What’s changing?
Effective June 1, 2023 Blue Cross and Blue Shield of New Mexico (BCBSNM) is implementing a new Clinical Payment and Coding Policy — Outpatient Services Prior to an Inpatient Admission CPCP038 in accordance with guidance from the Centers for Medicare & Medicaid Services (CMS). We will apply a three-day rule for certain services provided to members who are outpatients who are then later admitted as inpatients.
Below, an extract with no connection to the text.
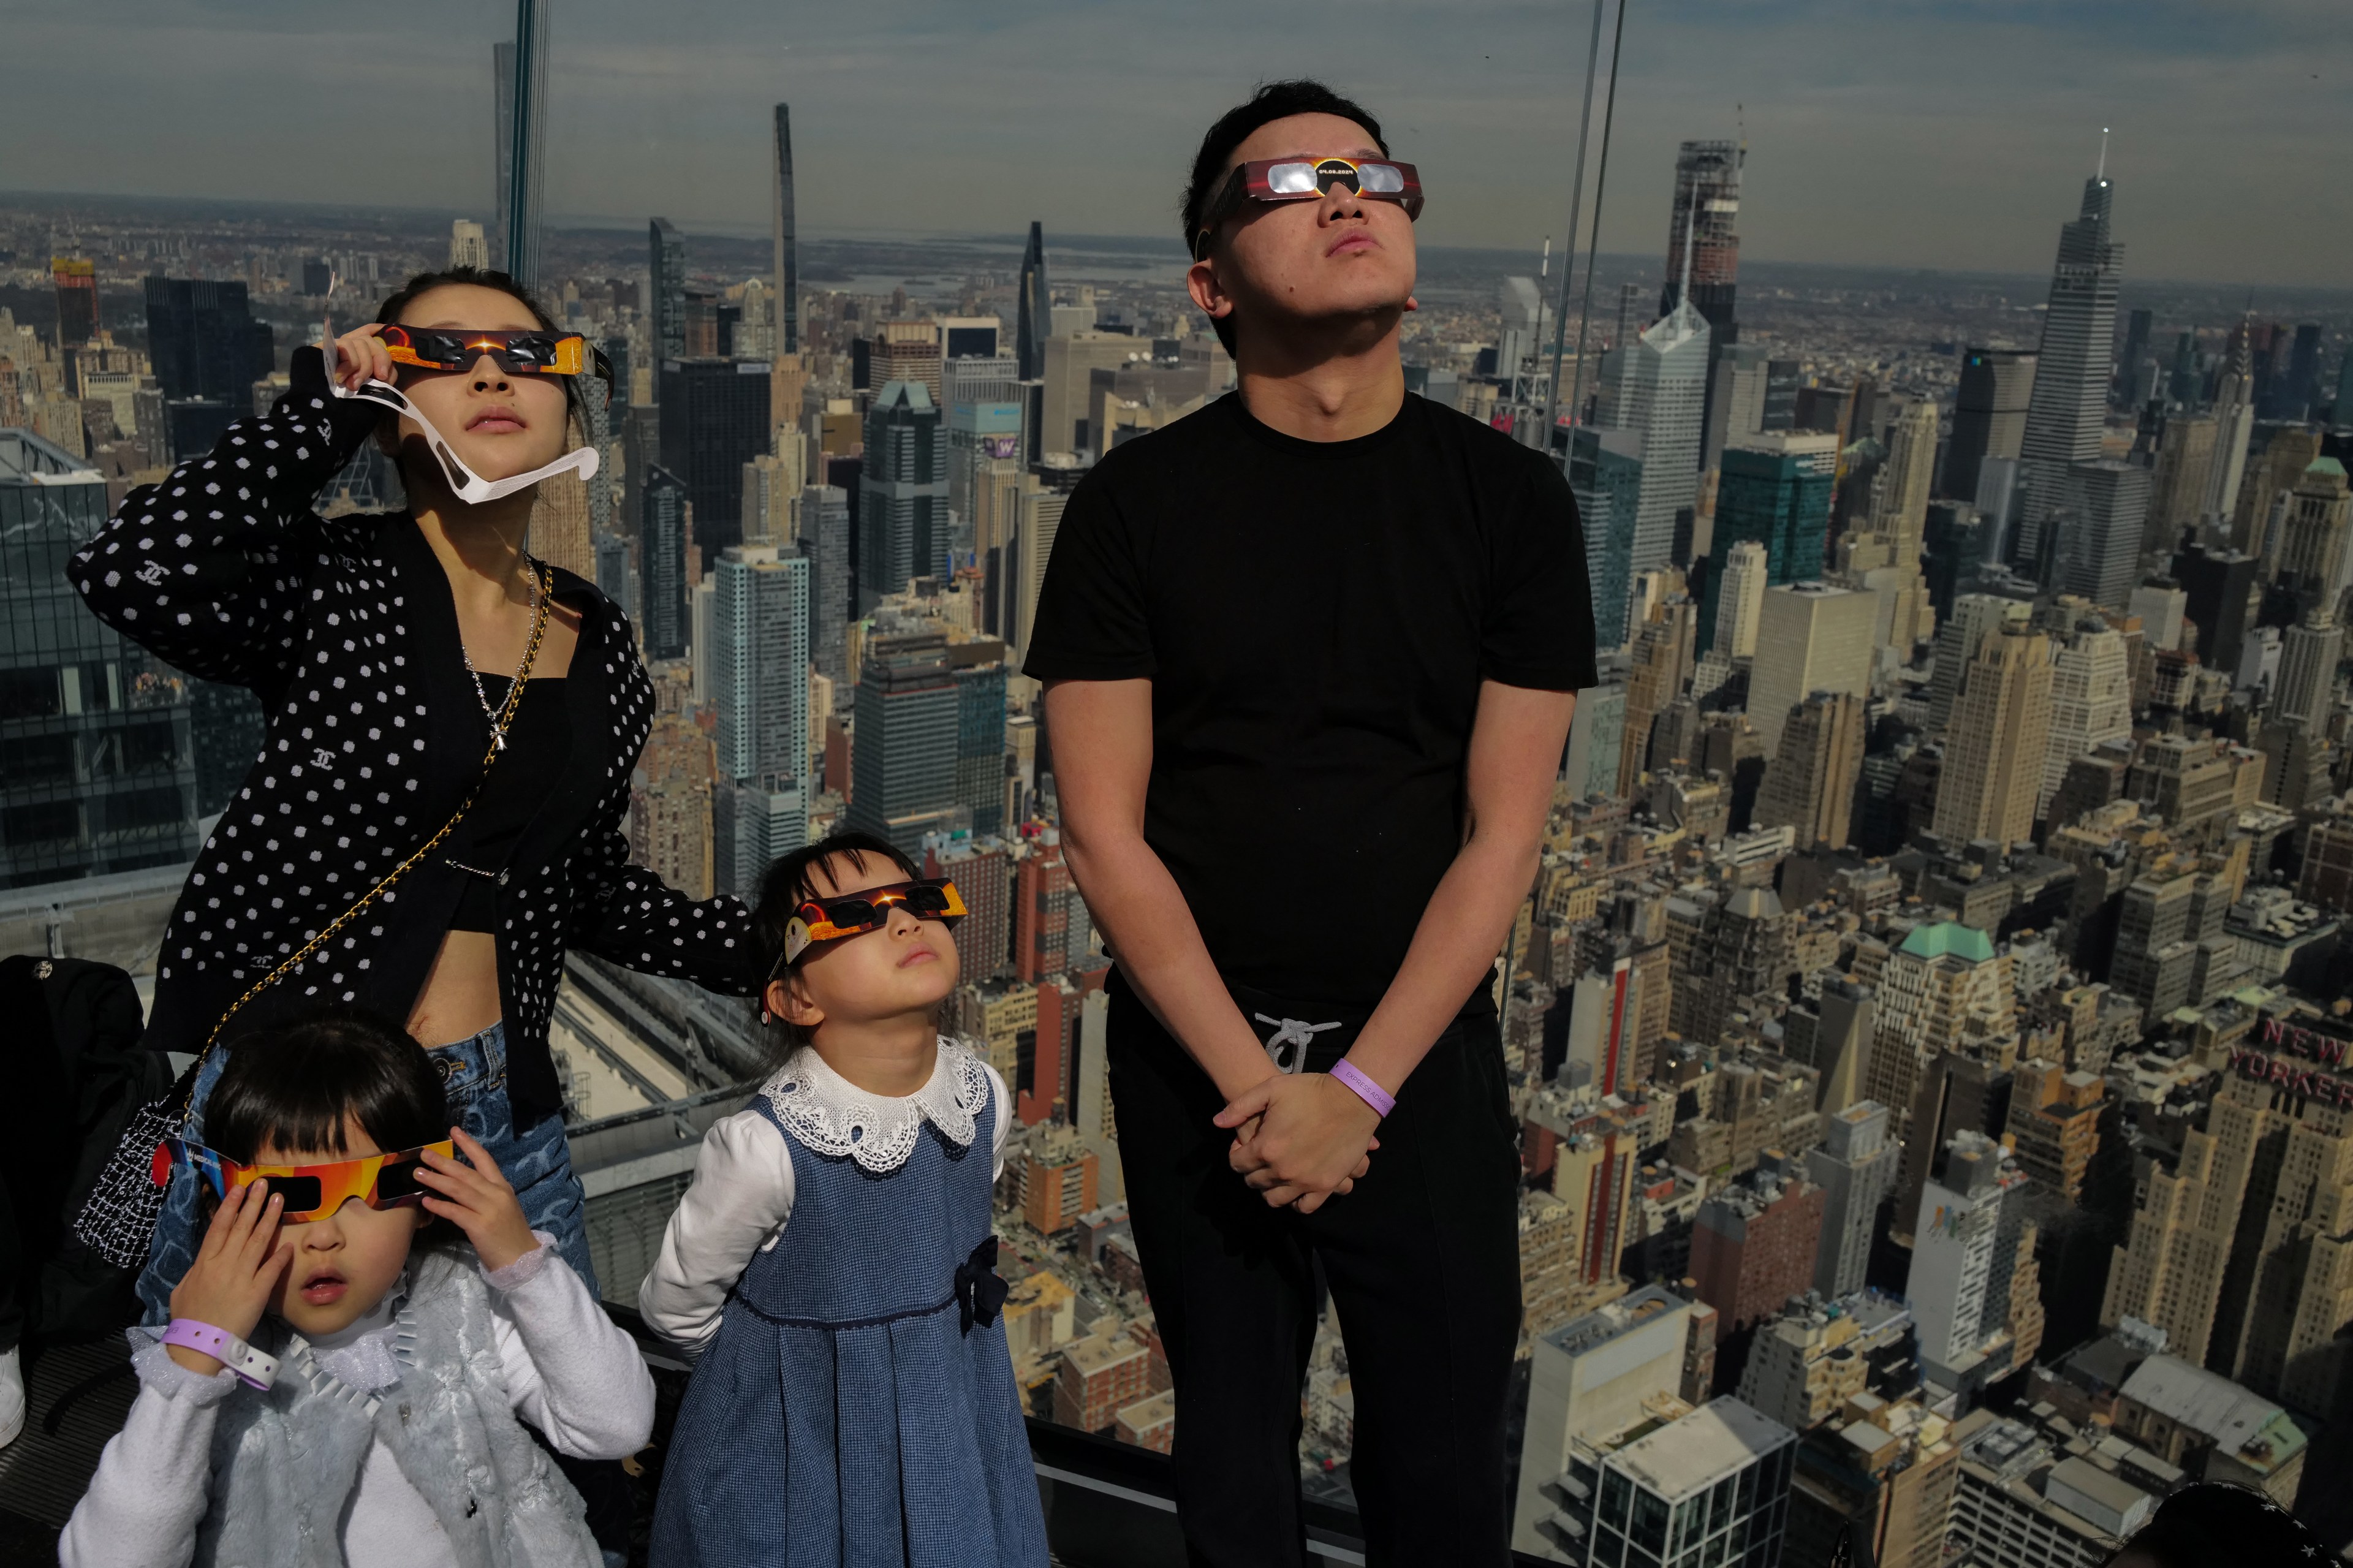 A family of four wearing eclipse glasses stands high above a cityscape, seemingly observing a celestial event.

BCBSNM will review claims that fall under the three-day payment window. The policy states that outpatient related diagnostic or related non-diagnostic services that are rendered within three days prior to being admitted to a hospital or facility are considered inpatient services and are included in the inpatient reimbursement.
The details
Under this new BCBSNM policy:
- If an admitting hospital renders related diagnostic or related non-diagnostic services three days preceding and including the date of a member’s inpatient admission, the services are considered inpatient services and are included in the inpatient reimbursement; or
- If an admitting hospital renders unrelated diagnostic or unrelated non-diagnostic outpatient services three days preceding, including the date of a member’s inpatient admission, the hospital may be reimbursed separately for the unrelated outpatient services.
What should I expect?
We will review claims that fall under the three-day payment window and may include outpatient services in the inpatient reimbursement if we determine a provider has performed services three days prior to being admitted to a facility.
What do I need to do?
Providers should review in detail this new Clinical Payment and Coding Policy, Outpatient Services Prior to an Inpatient Admission — CPCP038.